I was assigned to the thoracic cardiovascular team and my very first surgery was a carotid endarterectomy.  Whatever that is, right?  We took a little class on “how to scrub” the day before, so I got to try it out for real on the morning of the surgery.  I was extremely slow.  Three other people started and finished scrubbing in and I was only on my third finger.  You know, I honestly don’t think those other people were scrubbing every quadrant of their fingers ten times each.

When I finally finished scrubbing about two hours later, I went into the OR.  What you do is you back into the OR holding up your freshly scrubbed hands and the scrub nurse has a gown ready for you to put on, then she puts your gloves on for you.  I was so scared of getting contaminated, having to re-scrub and probably just spend the entire surgery scrubbing.  It seems almost arbitrary what’s sterile and what isn’t. For instance, you could be digging around in someone’s guts and still be clean, but if you touch your facemask (which is disposable), then you’re contaminated.  Sensing my uncertainty, the scrub nurse instructed me to keep my hands “at boob height.”

I went around telling everyone in the OR that it was my first day (even though I’m sure it was painfully obvious) so that when I passed out, they’d be understanding.  The surgeon was a tall man with an Irish accent who everyone called Colin.  He didn’t even introduce himself to me.  He just said, “Is this the medical student?”  Allow me to introduce myself: I am The Medical Student.  That’s what they call me.  Actually, I sort of liked being anonymous.  I already had a mask.  All I needed was a cape.

I asked the scrub nurse what to do.  She pointed to a draped area on the patient’s body: “Put your hands there.  They’ll be safe there.”  I obeyed.

I had no idea what to do for the first half hour. I just kept my hands in The Safe Place so they wouldn’t get contaminated. The surgeon Colin handed me the suction and let me suction off the bovie fumes (bovie = little electric cutting device).  When he finished cutting, the scrub nurse said, “Do you want the medical student to keep holding the suction?”

“Yeah,” Colin said.  “It’ll give her something to do.”  I don’t think surgeons can talk directly to The Medical Student.  I think we’re too many levels apart on the hierarchy and some kind of translator is needed.  Like if a man needed to talk to a beetle.

So anyway, I stood there and watched, gripping my little suction hose.  To my surprise, I didn’t feel faint at all. It didn’t seem real… it was more like dissecting the cadaver in anatomy class.
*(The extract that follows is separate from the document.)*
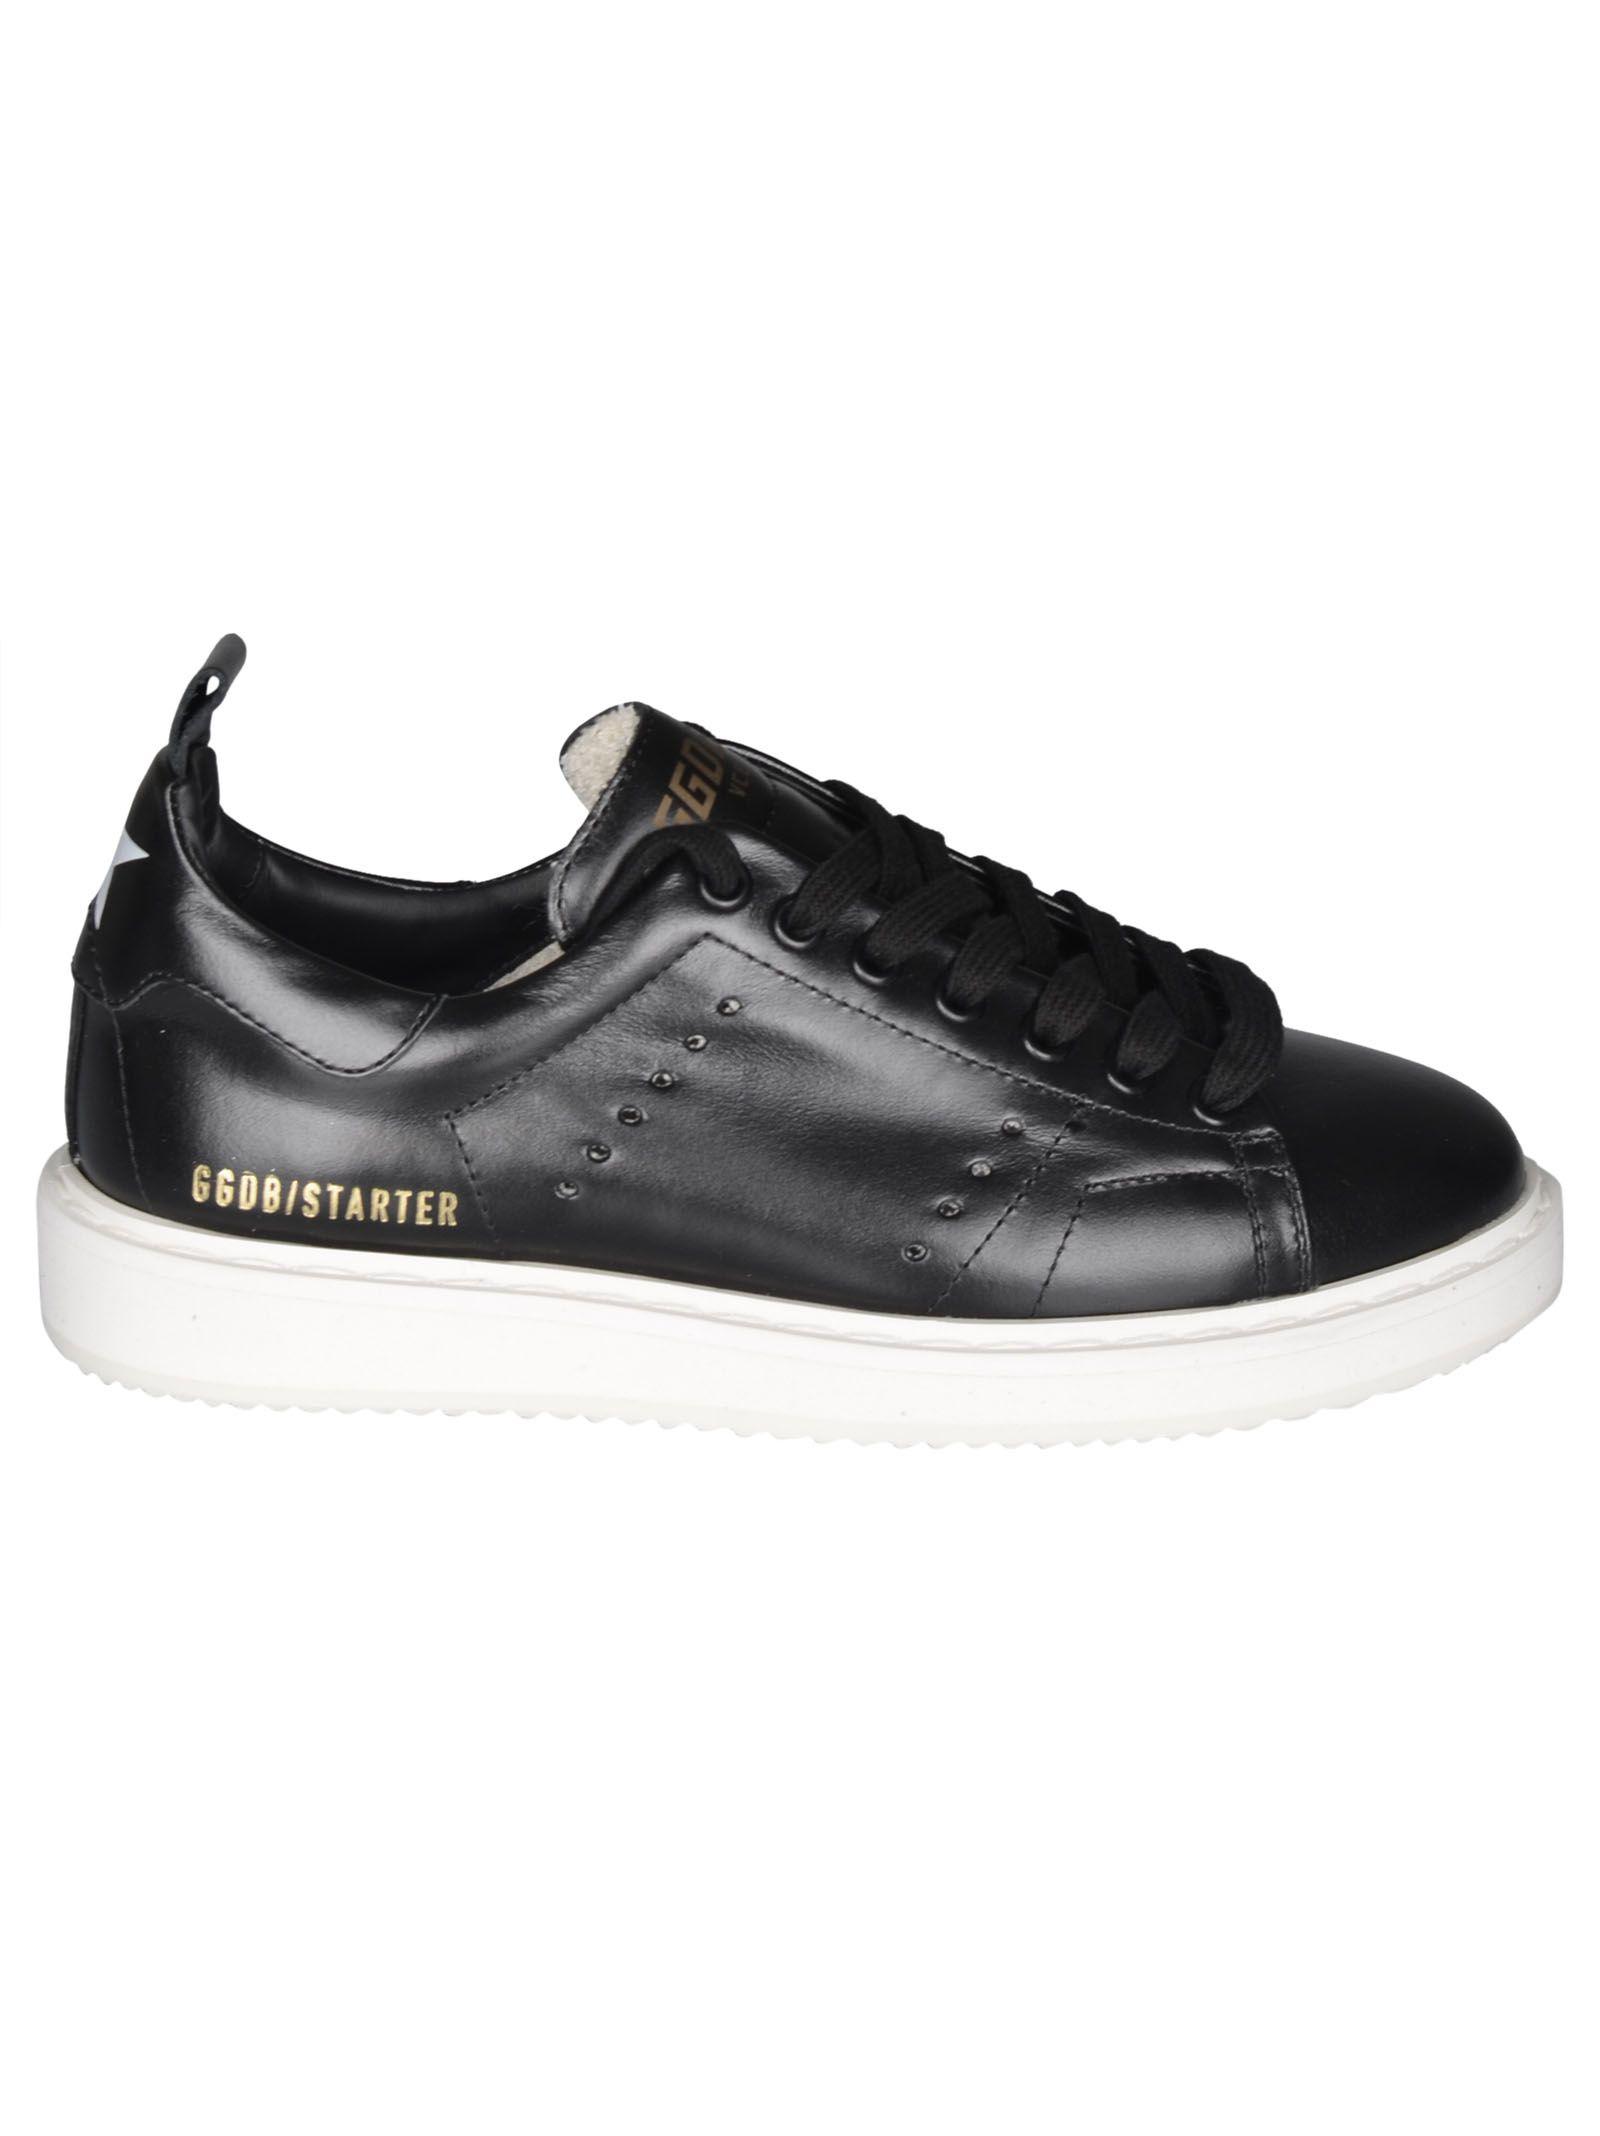 Starter Sneakers, Black Brushed Off

The whole body was covered except for the small area where they were dissecting out the carotid. And they were cutting through the tissue like the person was already dead.  If I didn’t think about it too much, it really was no big deal.

Then things started to go wrong.  The shunt fell out and the incision site filled with blood.  “This is one of my ten worst carotid endarterectomies,” Colin declared.  He then started cursing and yelling, which I later found out that he did a lot, and made the nurses shut off the music.  Let me tell you, if you go in for a surgery and there’s music, and then when you wake up, someone has shut it off, that’s Bad.

“Get on the other side of the table!” Colin yelled at me.  I carefully tried to navigate around wires and cords while keeping sterile.  “Why aren’t you helping the medical student?” Colin yelled at the scrub nurse.  Then he actually reached across the table, grabbed me by my gown, and yanked me where he wanted me.  Oh, Colin.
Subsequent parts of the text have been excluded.